She tapped on the desk a couple of times before looking at him again. "Can I ask you a somewhat personal question? There's something I'm not sure about."

"Ask away."

"Well, you see," she began, stealing a quick glance at Flitwick, who was engrossed in preventing the rather rapid growth of his own foot. "The thing is, because I'm not sure if you actually are that arrogant, or if it's…well, something different. If I-" She looked around again. "If I told you that I actually do think that you're…quite attractive, would you be surprised?"

"Would I be surprised if you thought that? No." He paused and leaned against the back of his chair. "Would I be surprised if you told me that? Mildly."

"So…you think that I find you attractive?" she said, looking him squarely in the eye. "Why would that be?"

"Well, you did already tell me that you liked my hair."

"You do not consist of your hair, James. I meant attractive in general. I don't just mean physically either."

"My hair is, however, my best feature." He reached over and drew a sun next to the cloud. "Again, I think there were minor hints that you thought I was at least a basically decent person, if not better."

"So are you saying that you wouldn't be surprised? And incidentally, I always thought that your hair and your eyes were pretty much on par, but each to their own."

"I said I would be mildly surprised if you told me as much." James removed his glasses and cleaned them with a quick spell. "I did not know you liked my eyes. I've always thought girls were too distracted by the glasses."

"Your glasses suit you," said Lily, drawing stars around the sun and the smiling cloud. "And your eyes are a rather unusual shade of hazel. Nice, though. I would have liked to have eyes of that color. Hmm, that star looks rather messy." She erased the offending scribble with her wand and started over.

James gave her an incredulous look. "You'd choose my boring brown eyes over yours?" He held in a laugh. "If you think mine are unusual, you should look in a mirror. You're known for your eyes."

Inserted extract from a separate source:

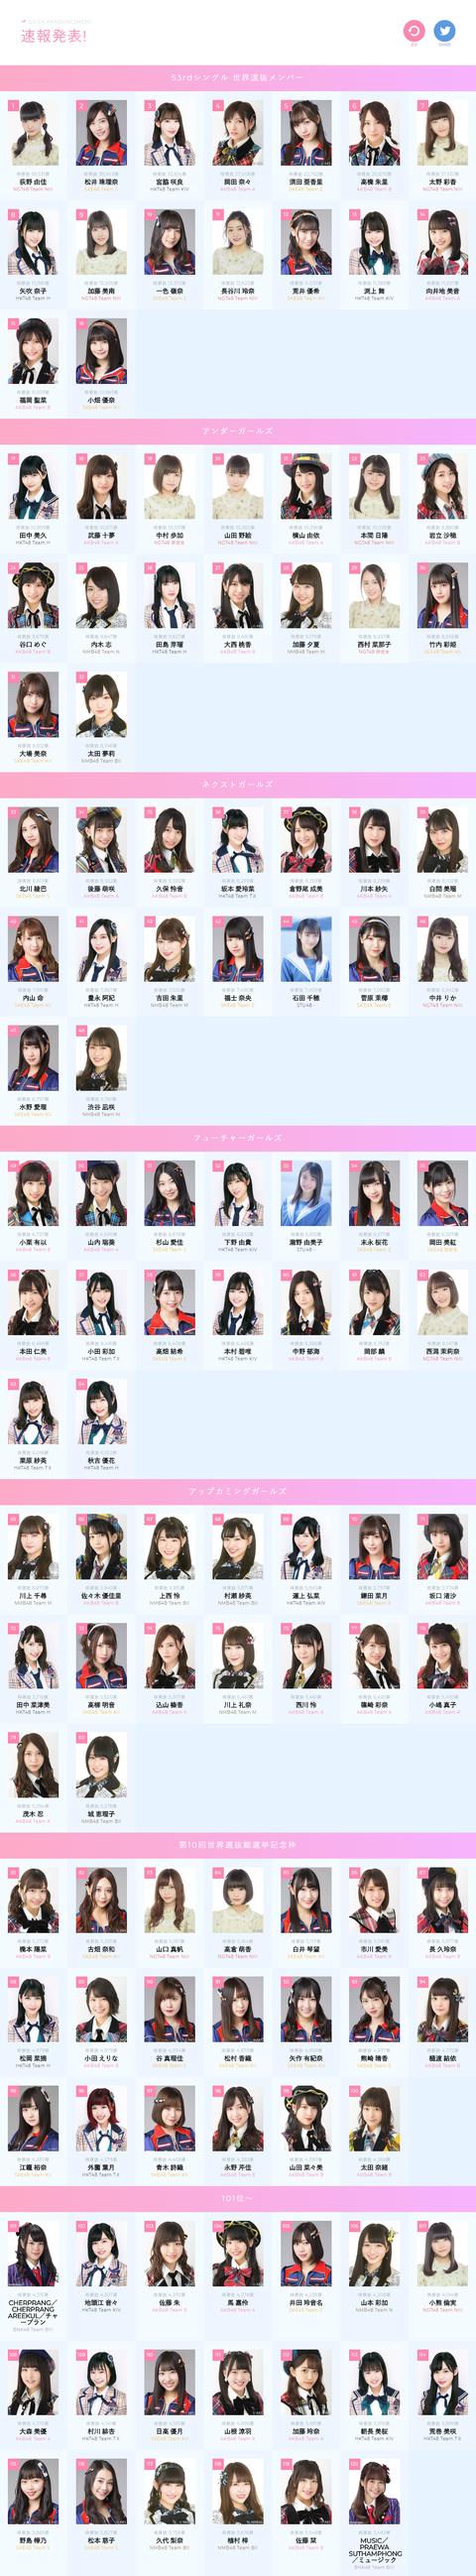 【AKB48】53rdシングル世界選抜総選挙、速報順位発表!!!
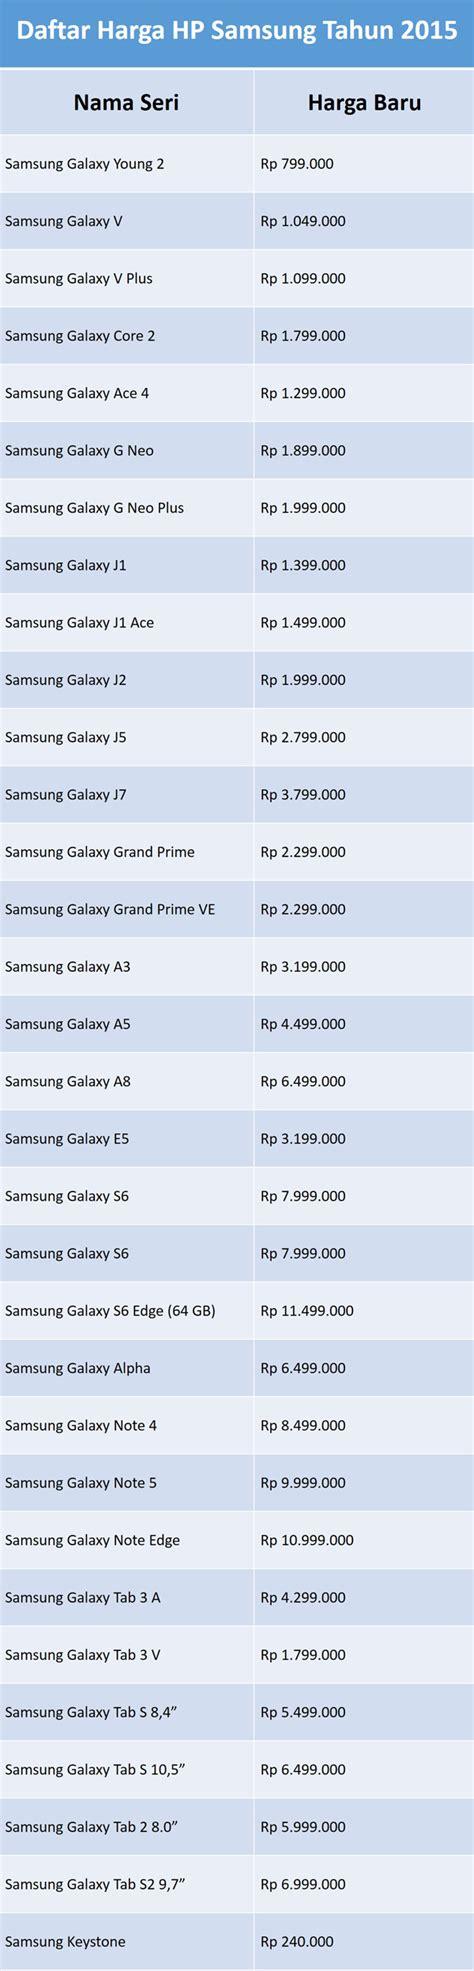 daftar harga hp samsung tahun 2015 di indonesia gadgetren

"My darling sister," she began, scribbling over her new star, "has always told me that only jealous, selfish people have green eyes, and while I can freely admit to being guilty of both, her repeated assurances that I was a horrible person can sting at the best of times. Your eyes are not boring, either, or brown, for that matter. They're more like a mixture of brown and green and gold."

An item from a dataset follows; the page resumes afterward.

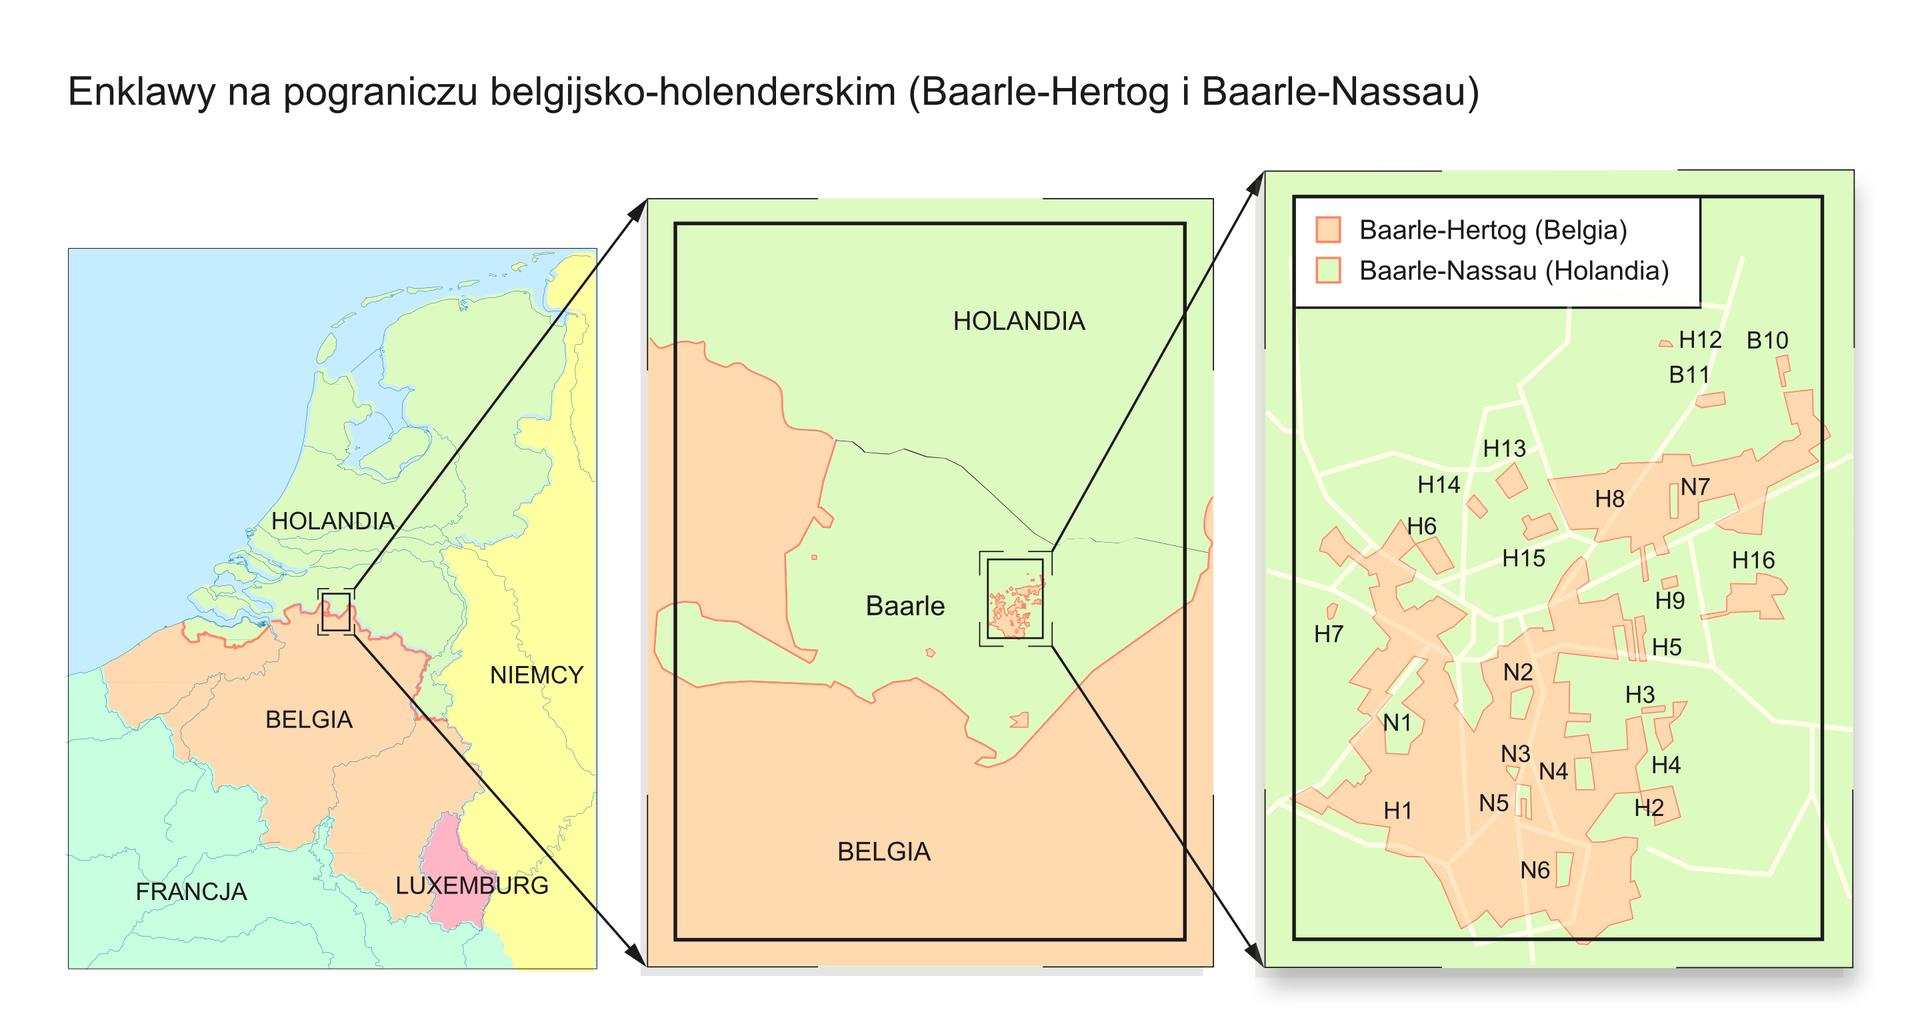 Ilustracja przedstawia trzy mapy wformie pionowych prostokątów wpoziomym rzędzie. Pierwsza na mapa, lewa strona ilustracji. Fragment Europy zachodniej. Wcentrum mapy Belgia, kolor blado różowy. Powyżej Holandia, kolor zielony. Na wschód Niemcy, kolor żółty. Na granicy belgijsko-holenderskiej, mały prostokąt. Zprawego górnego idolnego rogu wychodzą strzałki. Groty strzałek skierowane na lewy górny idolny róg mapy po prawej stronie. Mapa wdrugim prostokącie, na prawo, to powiększony obszar zmapy pierwszej. Obszar powiększony to enklawa Baarle. Wśrodku enklawy zaznaczony mały prostokąt. Od górnego idolnego rogu wychodzą strzałki. Groty strzałek skierowane na lewą krawędź trzeciego prostokąta. To mapa enklawy wpowiększeniu. Baarle-Hertog wBelgii oraz Baarle-Nassau wHolandii. Na mapie tereny należące do Belgii oznaczone literą ha. Litera en to tereny Holandii.

"You've clearly spent some time considering the matter of my eyes," he said, half-smiling. "Also, your sister's a bigger idiot than I am. Insulting someone because of their eye color of all things… One of you is jealous and selfish, and I'll give you a hint: it isn't you."

"Oh, but I am, very much so. At least I can admit it, which is more than I can say for Petunia." She drew her initials beside the spoiled star. "And she doesn't just insult me because of my eyes, you'll be happy to know. There's my hair, too, and my being a witch, of course. And my terrible taste in the opposite sex, something she wouldn't know if she didn't insist upon coming to King's Cross every September to sneer at my friends and listening in on my conversations with my mother. She's a dear, really."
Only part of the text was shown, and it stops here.